Serve over a bed of baby spinach or arugula for a satisfying light meal. If fresh pineapples are in season, substitute sliced fresh pineapple rings for the canned and grill for 2 minutes on each side, basting when turning.
(modification of recipe originally from NoMoreToGo)
Serves 4
- 1 pound swordfish steaks, cut into 4 (4 ounce) pieces
- 1 cup crushed or pineapple pieces in 100% juice
Marinade:
- ½ teaspoon orange zest
- 1/3 cup fresh orange juice
- ½ teaspoon lime zest
- ¼ cup fresh lime juice
- 1 tablespoon sesame oil
- 1 tablespoon grape seed oil
- 2 tablespoons chili garlic sauce
- 2 tablespoons low sodium soy sauce
- 1 teaspoon sugar
- ½ teaspoon kosher salt
- ¼ teaspoon garlic powder
- ¼ teaspoon ground ginger
Combine marinade ingredients in a medium bowl with a whisk.
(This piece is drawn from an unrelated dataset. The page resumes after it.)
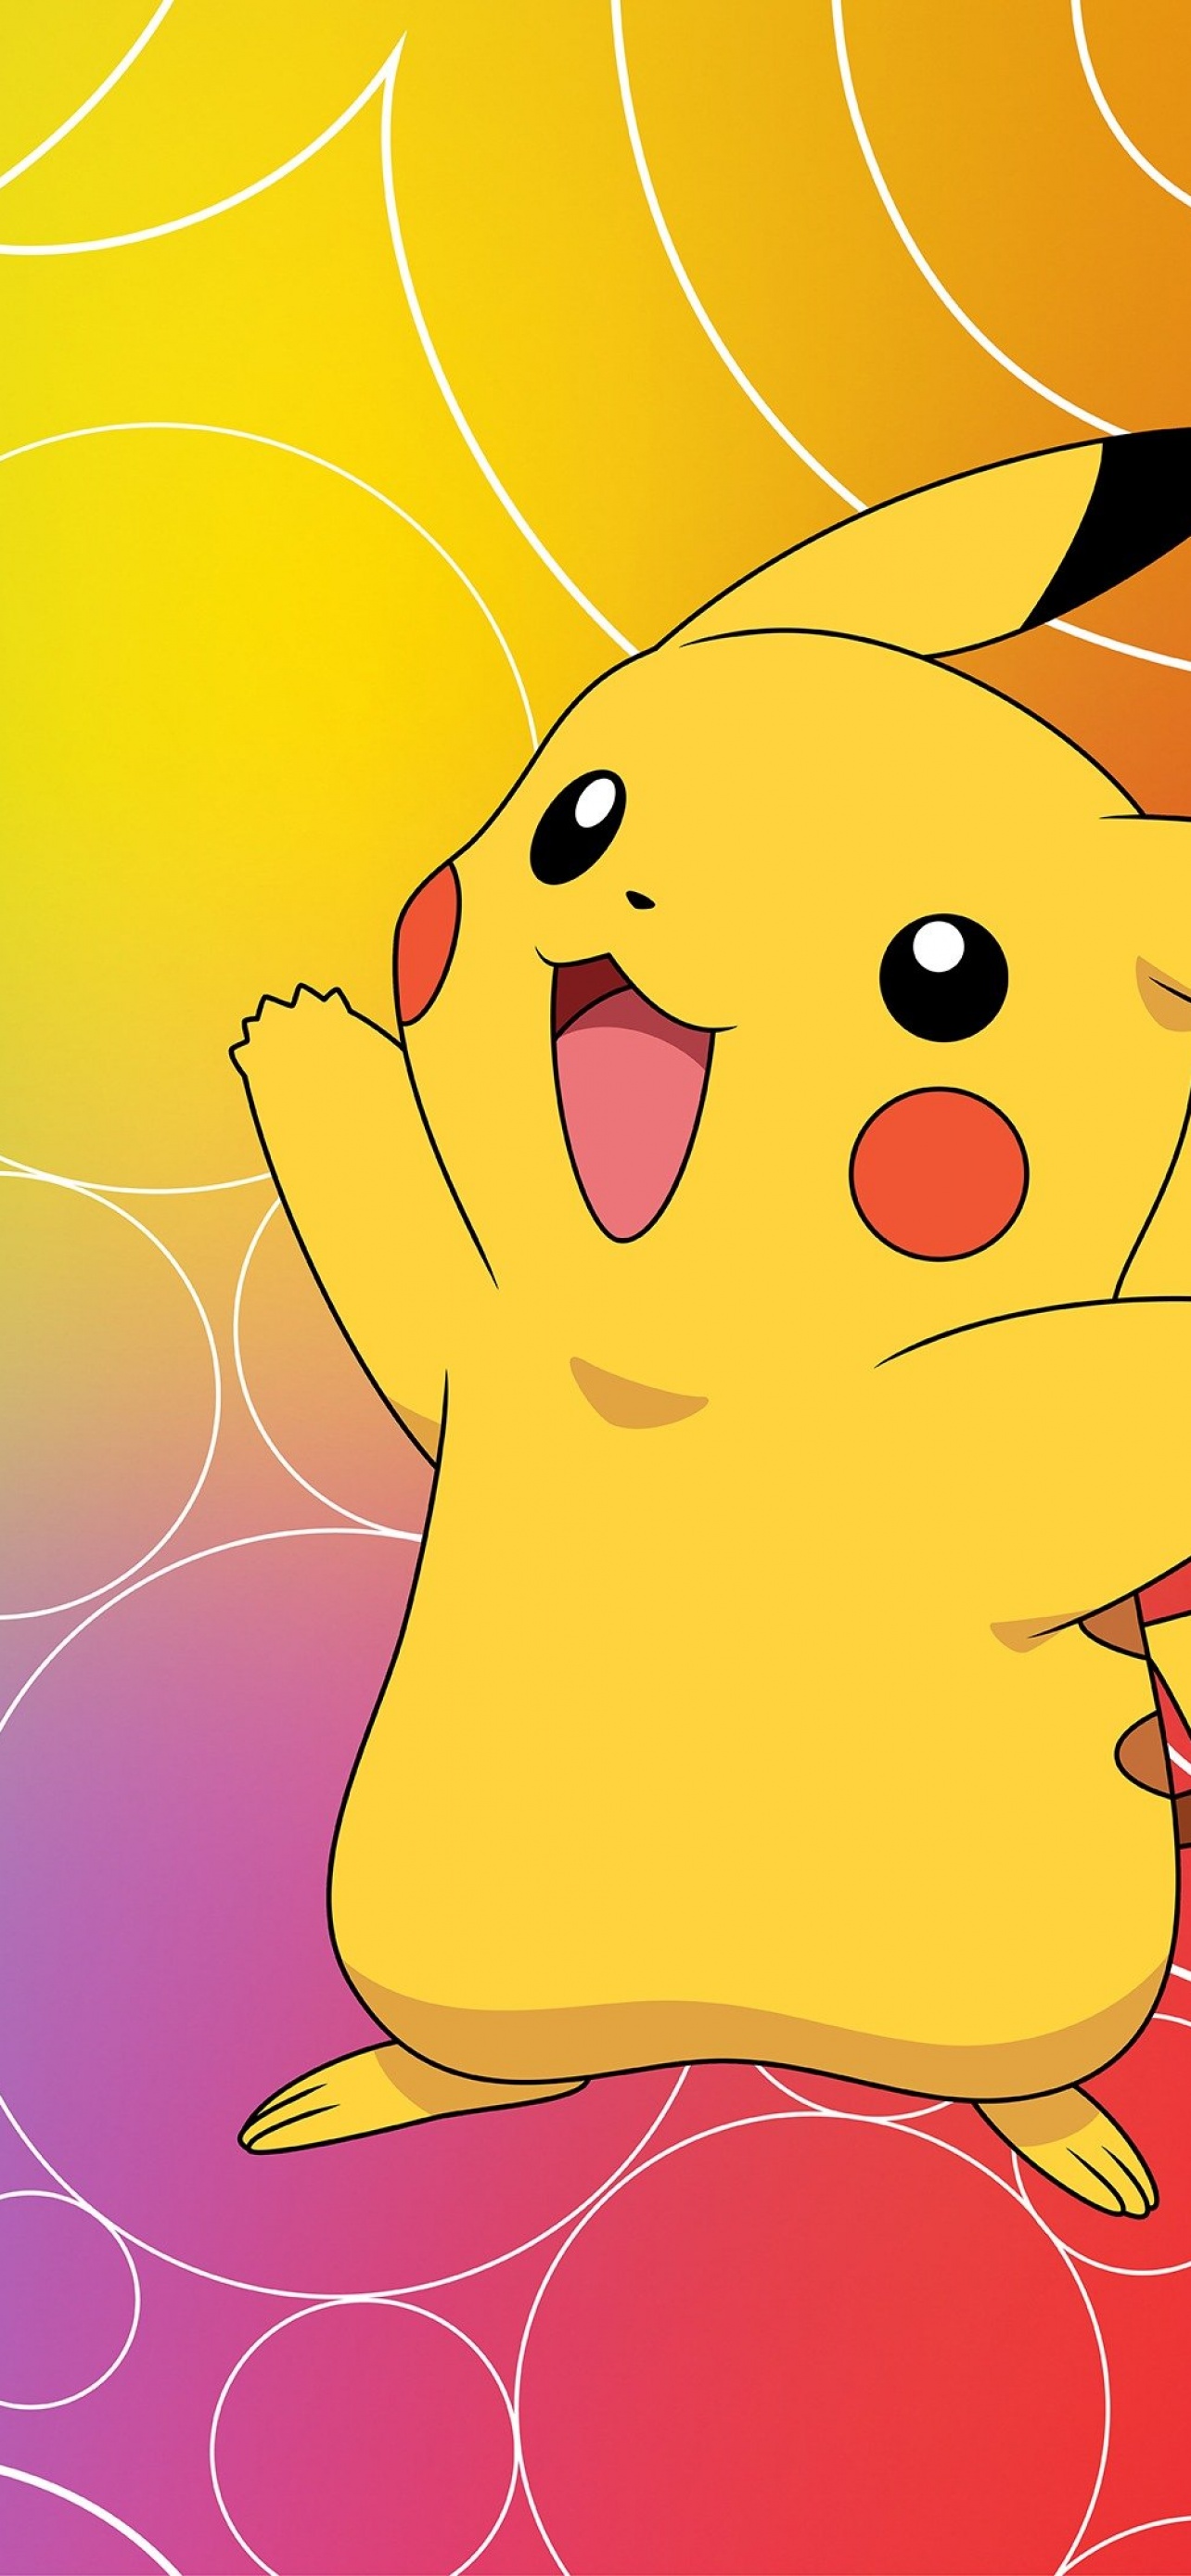 Pokemon Wallpaper Pikachu 72 images
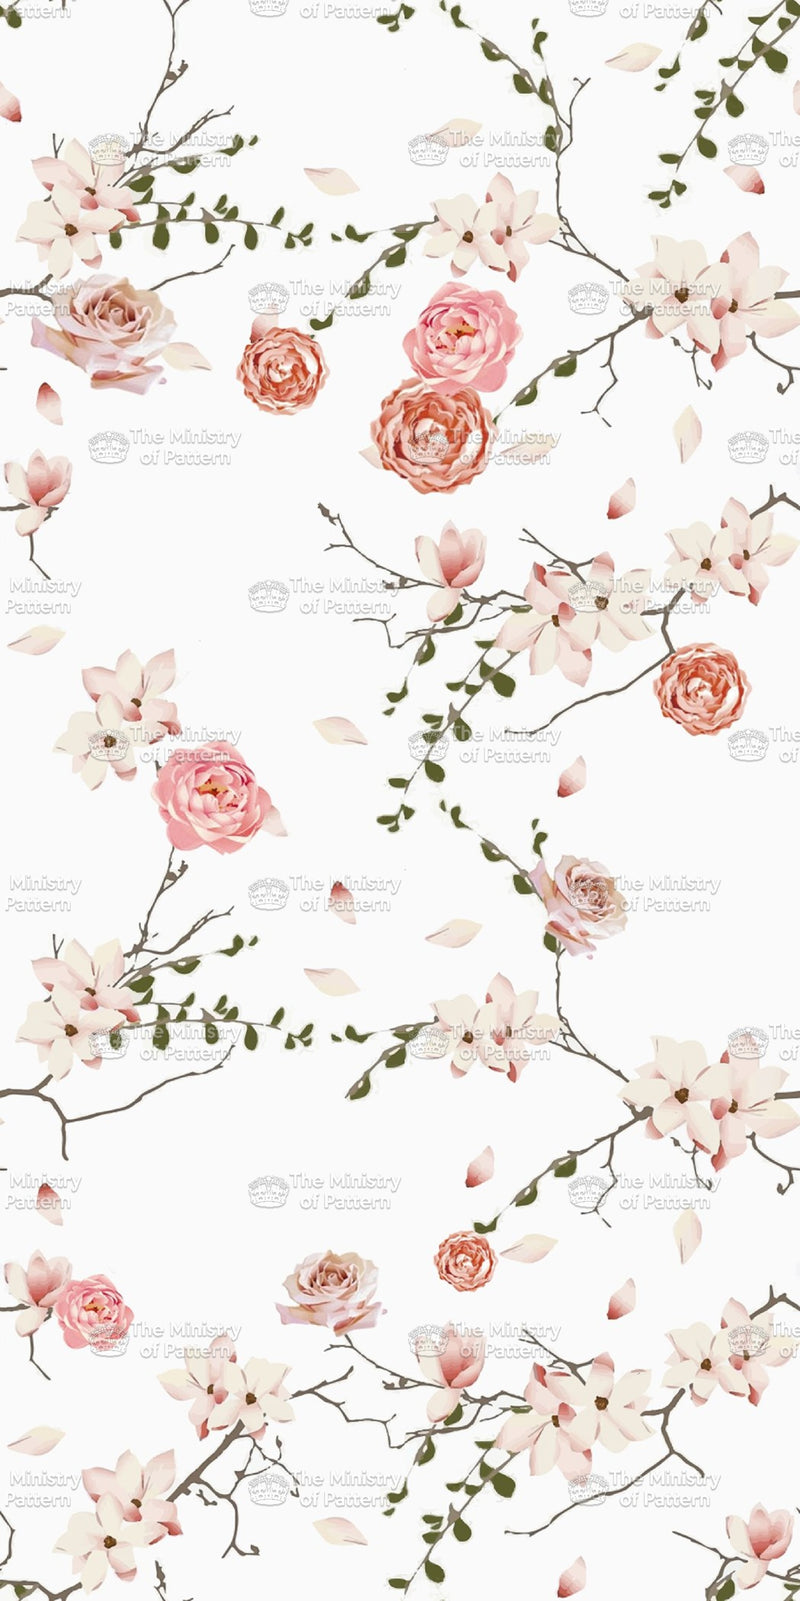 Romantic Rose Floral - The Ministry Of Pattern - Patternsforlicensing-textilestudio-printdesignstudio-trendinspiration-digitalprintdesign-exclusivepattern-printtrends-patternoftheweek

Set aside ¼ cup marinade for basting. Place swordfish in shallow dish and pour all but 1 tablespoon of the remaining marinade over the fish. Add the pineapple to the marinade bowl with the 1 tablespoon remaining marinade. Let sit for 20-30 minutes at room temperature.
Place pineapple mixture in a small saucepan and heat for 5 minutes on medium-low heat, stirring occasionally.
Grill swordfish over medium-high heat for 3 – 4 minutes on each side (until it is firm to the touch), basting when turning.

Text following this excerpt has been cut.